> **Task statement**
Repeat the whole listing word for word, skipping pictures.

> **Information shown**
++++++
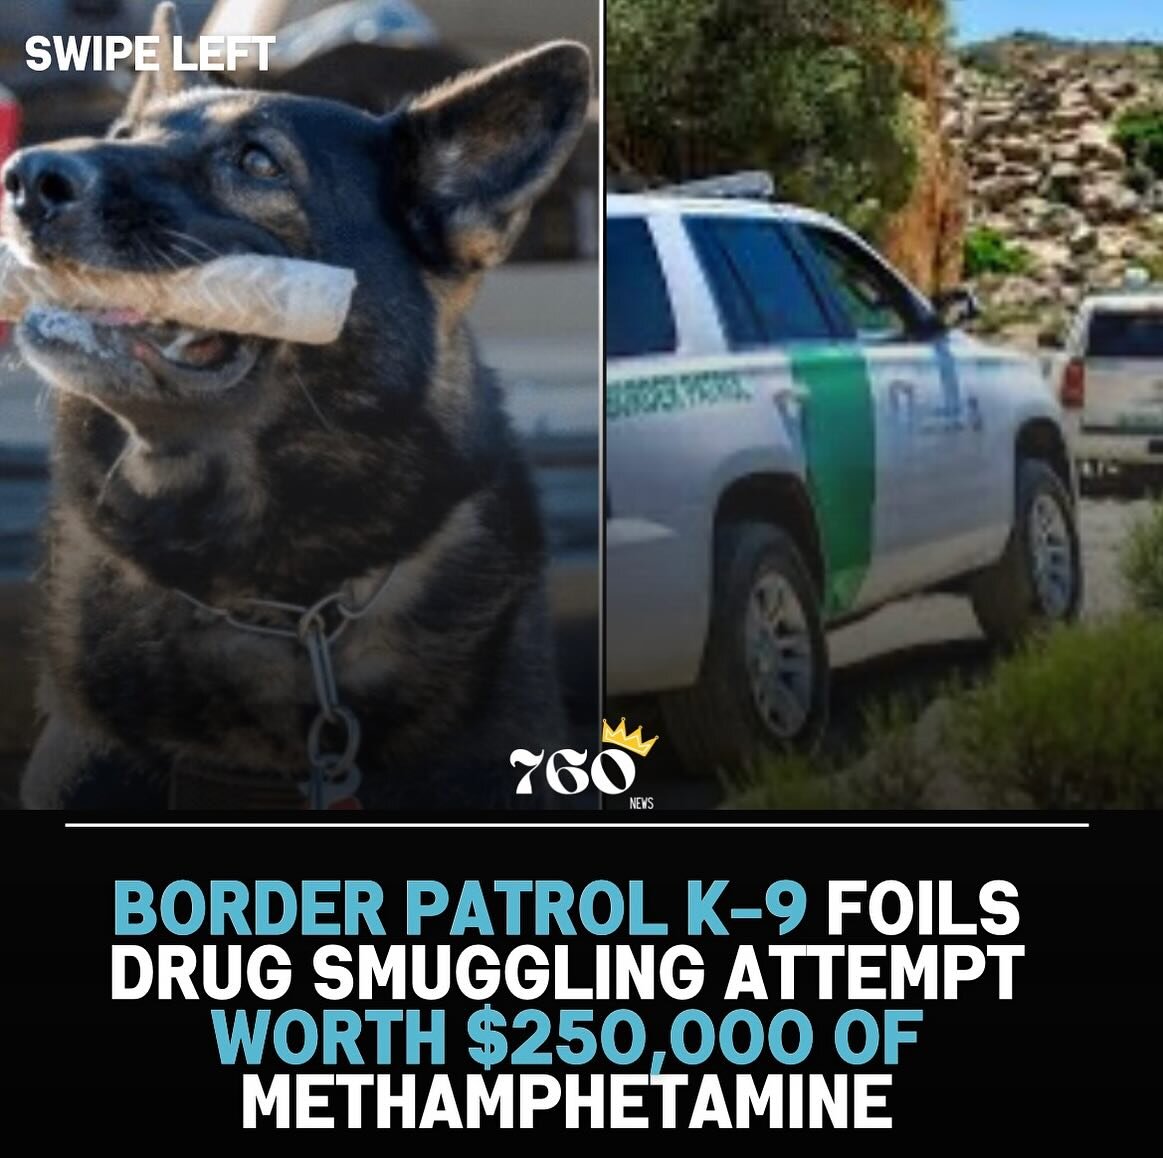 For the full story, please view my story or copy and paste the link below

Full story: https://www.760news.org/local-news/border-patrol-k-9-foils-drug-smuggling-attempt-worth-250000-of-methamphetamine

#BorderPatrol #DrugBust #LawEnforcement #K9Unit
++++++
> **Response**
 For the full story, please view my story or copy and paste the link below

Full story: https://www.760news.org/local-news/border-patrol-k-9-foils-drug-smuggling-attempt-worth-250000-of-methamphetamine

#BorderPatrol #DrugBust #LawEnforcement #K9Unit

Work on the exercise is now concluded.